Organized the Way Your Brain Works
BookStack organizes content into three levels: Books, Chapters, and Pages. That's it. It maps to how people already think about documentation — you don't need to learn a new organizational philosophy or fight the tool to find a structure that makes sense. Books contain chapters, chapters contain pages, and everything is fully searchable across the entire system or scoped to a single book.
You can also link directly to any paragraph, which means your documentation can cross-reference itself cleanly — something that sounds small but makes a real difference when you're trying to keep related content connected.
Easy to Write In, Whatever Your Preference
The default editor is a clean WYSIWYG interface — no markdown knowledge required, good for mixed technical and non-technical teams. But if you prefer to write in Markdown, there's a full Markdown editor with live preview. Both options are first-class citizens.
Built into the page editor is diagrams.net integration, so you can create and embed diagrams directly inside your documentation without leaving BookStack or wrangling external tools.
Fits Into Your Existing Infrastructure
For authentication, BookStack goes well beyond username and password. It supports OIDC, SAML2, and LDAP — so if you're running Google Workspace, Azure AD, Authentik, or any other identity provider, BookStack can plug straight in. Social login options are also available as secondary authentication.
MFA is built in and can be enforced per role, with TOTP support for standard authenticator apps (Authy, Google Authenticator, Microsoft Authenticator) and static backup codes.

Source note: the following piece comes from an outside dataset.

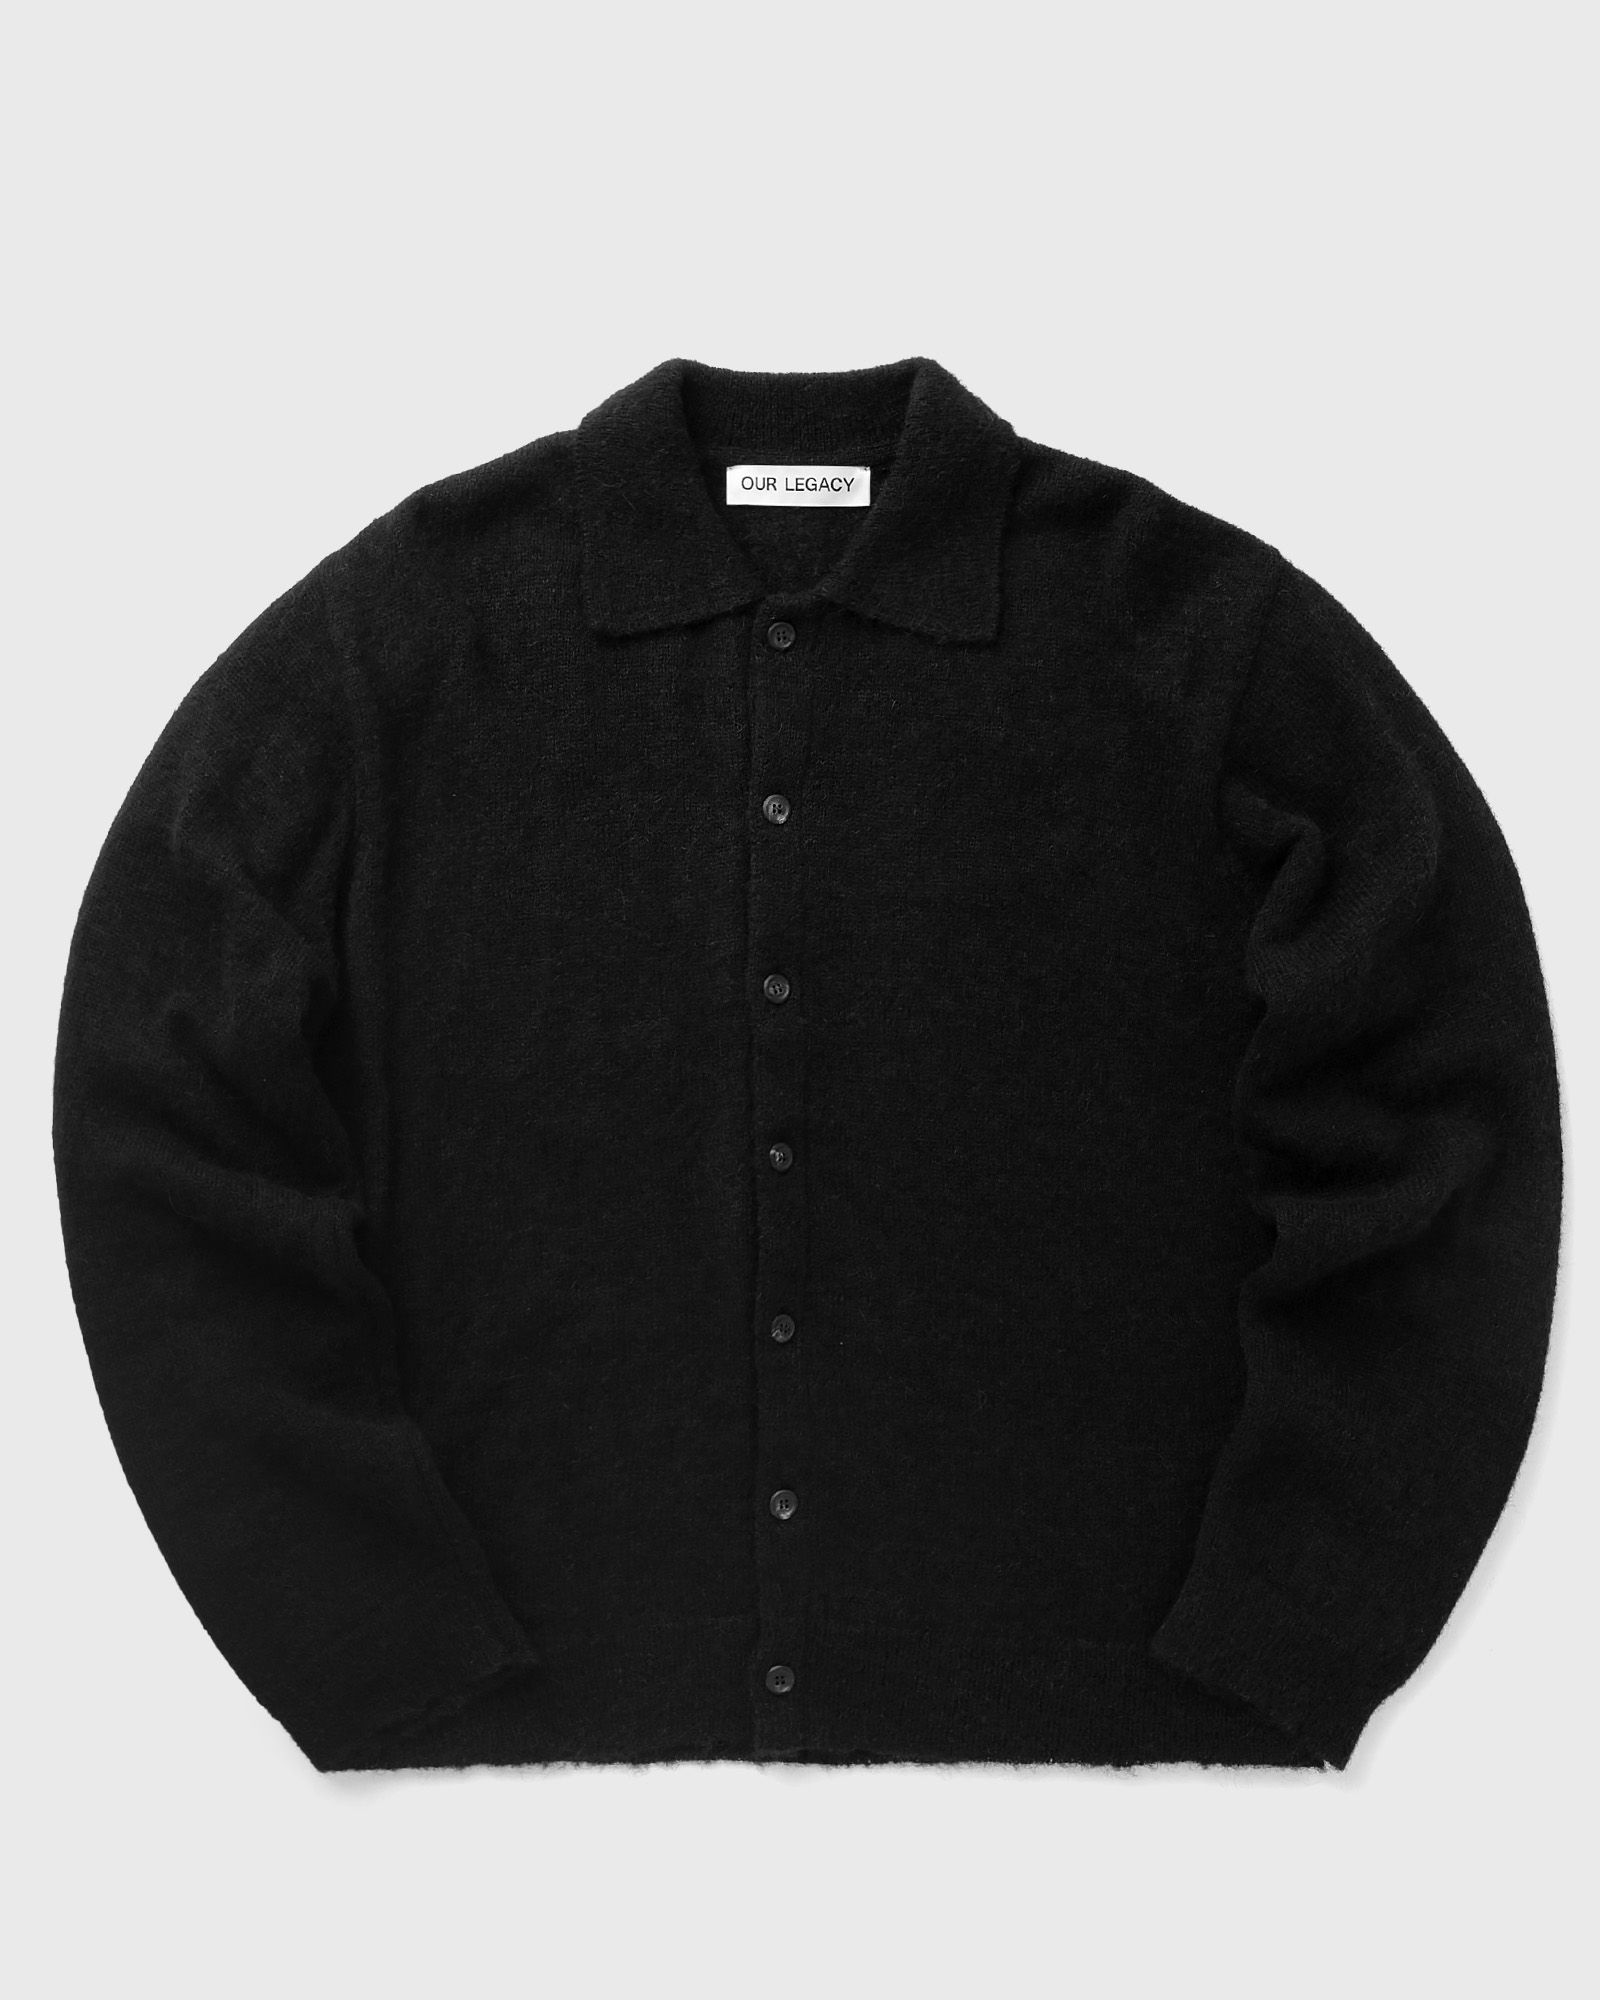 Our Legacy - evening polo men pullovers|zippers & cardigans black in größe:m

The permission and role system is flexible enough to lock down specific content and actions by user group, so you can have public-facing docs, internal team docs, and sensitive restricted docs all in the same instance with appropriate access controls.
The Bottom Line
If you need a self-hosted documentation and knowledge base platform that's genuinely simple to use, easy to deploy, free to run, and doesn't require a three-day onboarding to understand — BookStack delivers. It's a community-developed project with active maintenance, solid enterprise auth support, and an MIT license that gives you full freedom over how you use it.